Required work ::
Without including any pictures, reproduce all the lines below word for word.
--- Supplied material ---
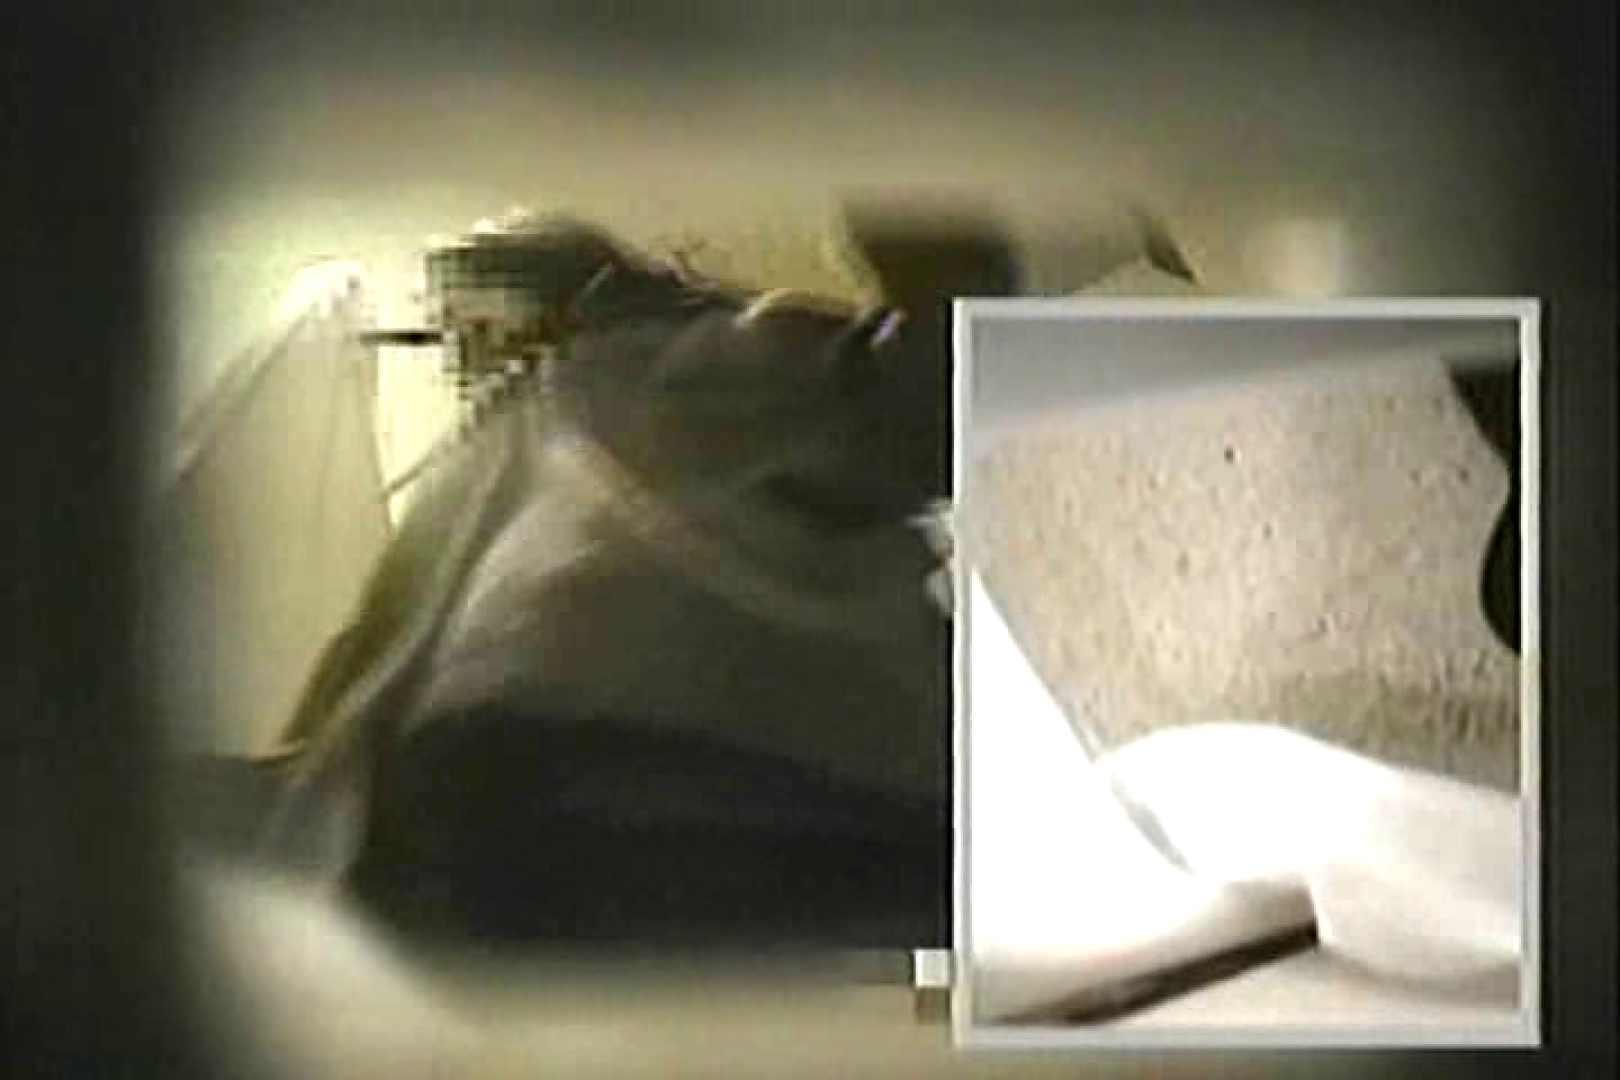 女子洗面所盗撮 今度の2カメは若い子だらけ  TK-127 洗面所 | おまんこ無修正  62pic 56
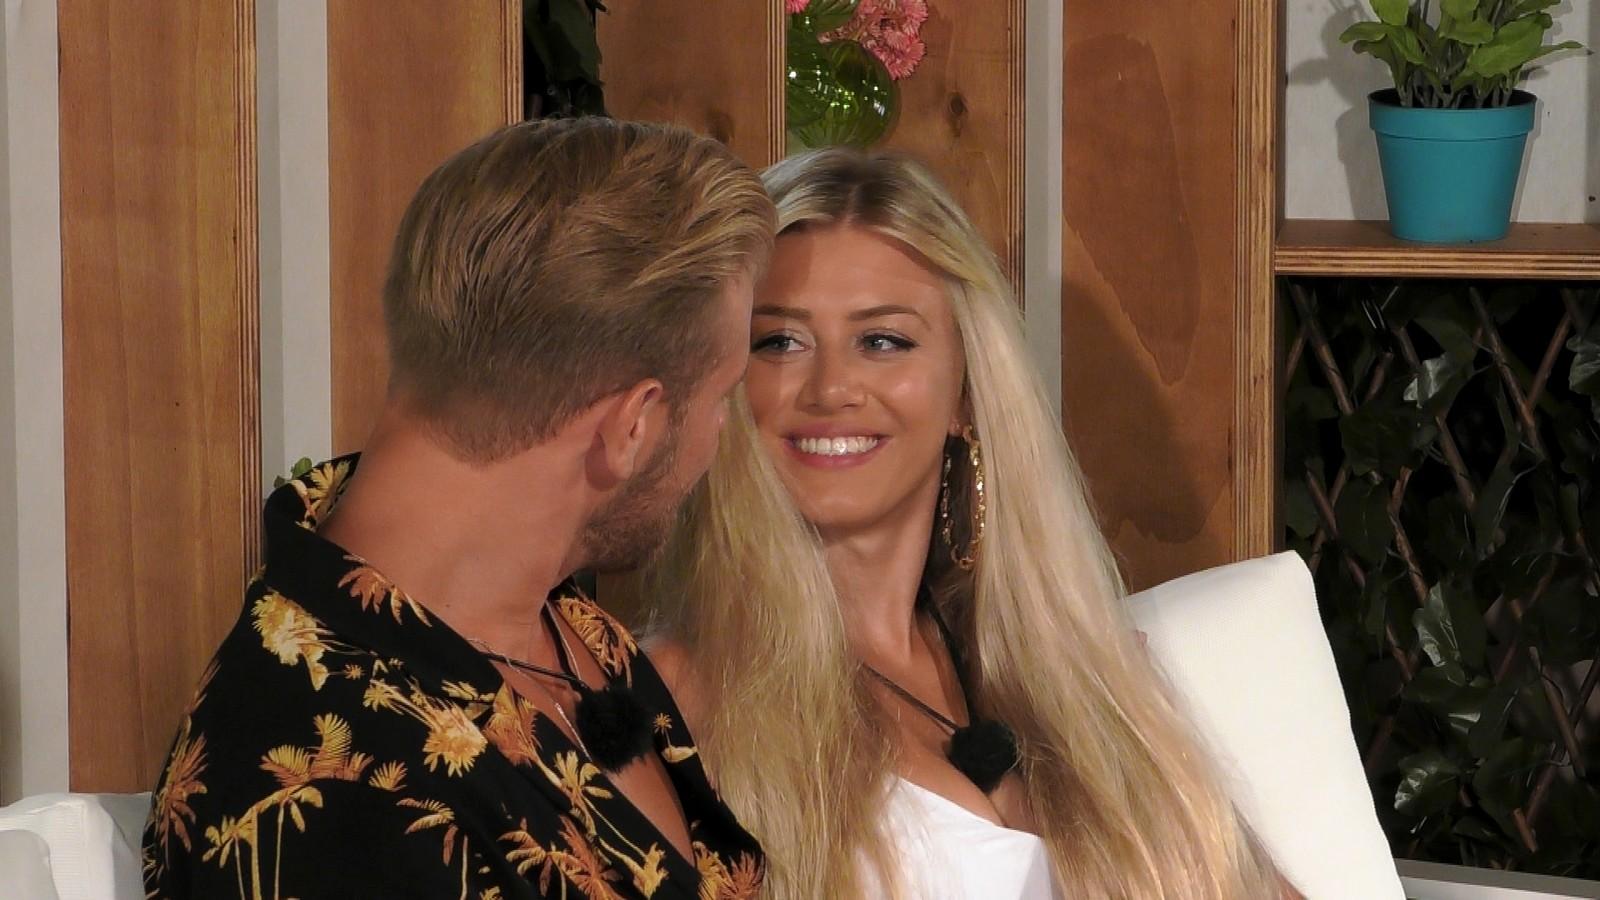 German Blonde macht es ihm mit Fuss und Hand
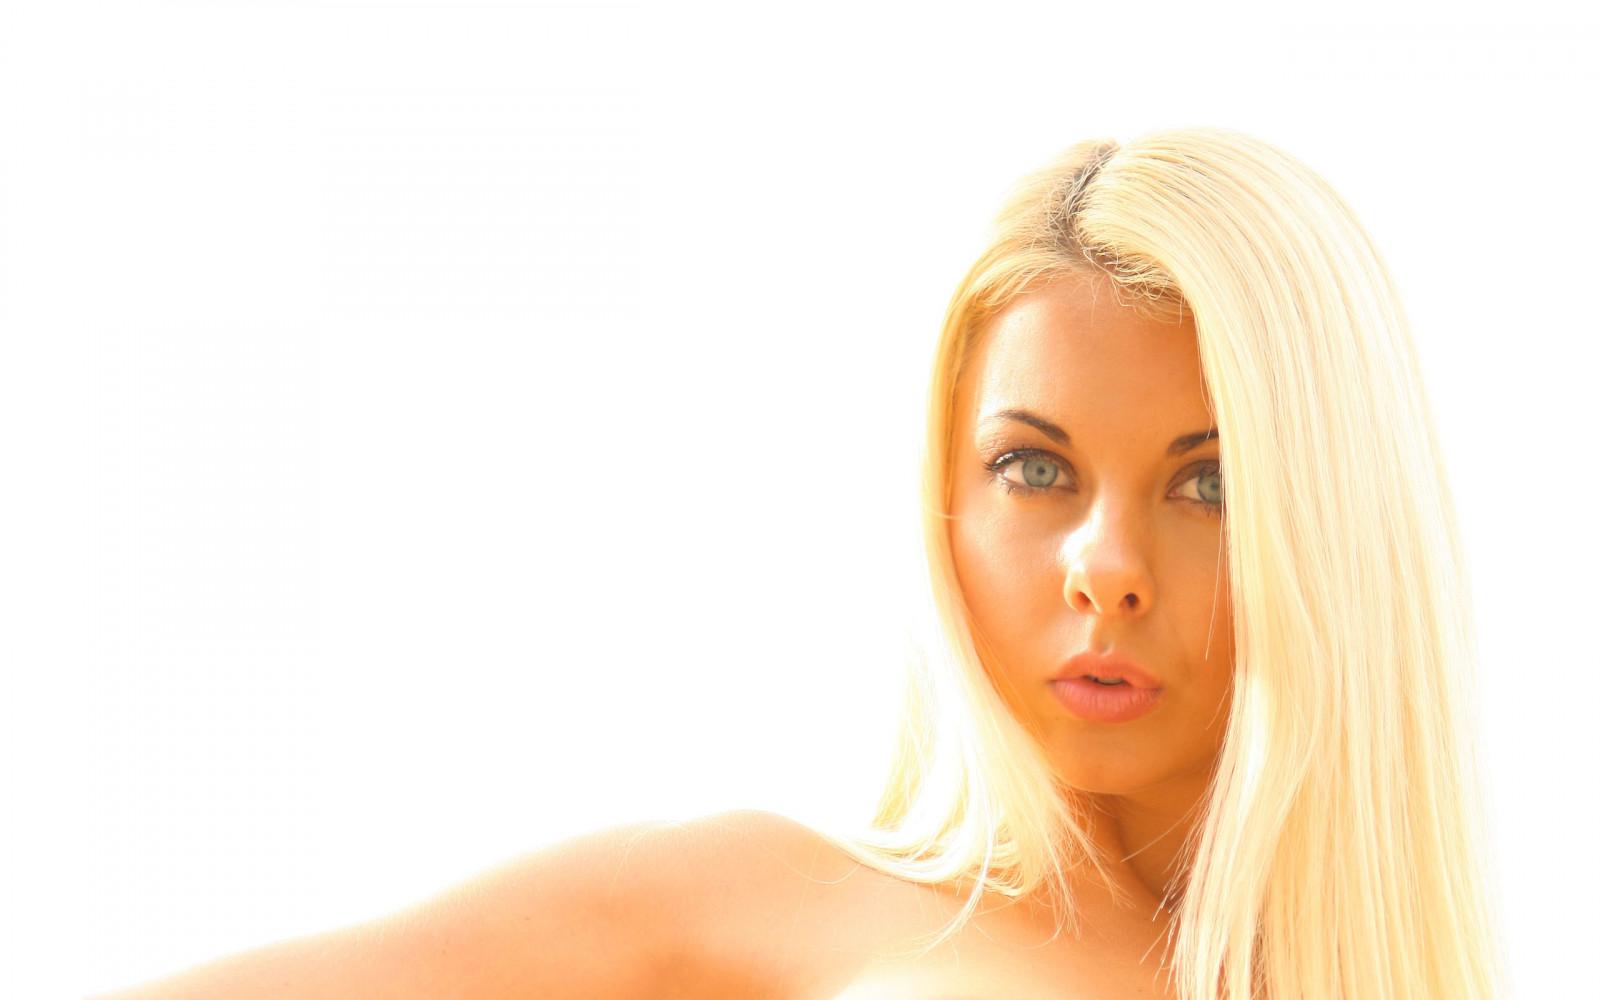 Сильвия сент голая, Silvia Saint » Эротика и порно в большом ассортименте 12 фотография
---
Solution to this problem ::
 女子洗面所盗撮 今度の2カメは若い子だらけ  TK-127 洗面所 | おまんこ無修正  62pic 56
 German Blonde macht es ihm mit Fuss und Hand
 Сильвия сент голая, Silvia Saint » Эротика и порно в большом ассортименте 12 фотография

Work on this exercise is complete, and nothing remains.